Disabling TLS 1.0 and 1.1 for Microsoft 365

https://docs.microsoft.com/en-us/microsoft-365/compliance/tls-1.0-and-1.1-deprecation-for-office-365...

that we are enabling TLS 1.2 more and more in Exchange online starting October 2020 and now it affects more and more Exchange customers who so far have not enabled support for TLS 1.2 on-premises.

 

Microsoft has announced the deprecation of TLS 1.0 and TLS 1.1 already in 2018. Those articles also contain detailed information on how you can enable TLS 1.2, which in short is only adding some registry keys and doing a reboot:

Exchange Server TLS guidance, part 1: Getting Ready for TLS 1.2

Exchange Server TLS guidance Part 2: Enabling TLS 1.2 and Identifying Clients Not Using It

Exchange Server TLS guidance Part 3: Turning Off TLS 1.0/1.1

As these articles above explain, you can enable TLS 1.2 in addition to your current usage of older TLS versions and solve your Free/Busy issue.
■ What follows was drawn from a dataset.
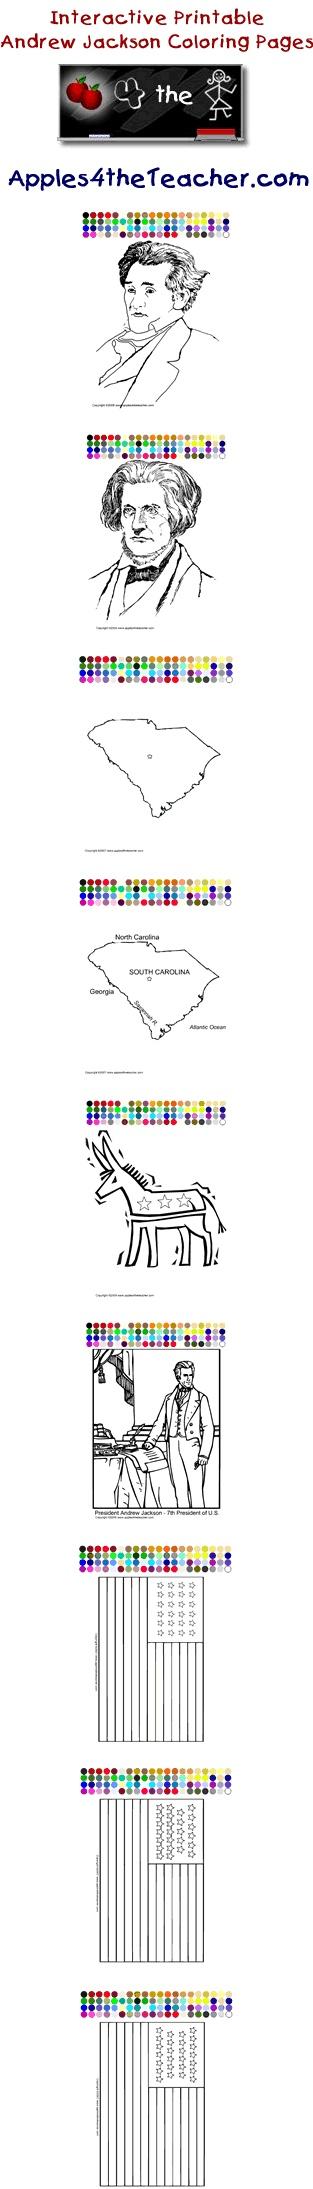 apples4theteacher com coloring pages - 1000 images about 6 patriotic coloring pages

Later, you can disable TLS 1.0 and 1.1 since they are not secure anymore.

 

To prevent configuration errors like this, Microsoft recommends running the Exchange health checker on your on-premises Exchange servers on a regular basis, e.g. each month:

https://aka.ms/ExchangeHealthChecker

1 Reply
Excellent write-up! My company got bit by this a 2 months ago and it took 5 weeks worth of troubleshooting with MS to find the root cause. Hopefully this saves others!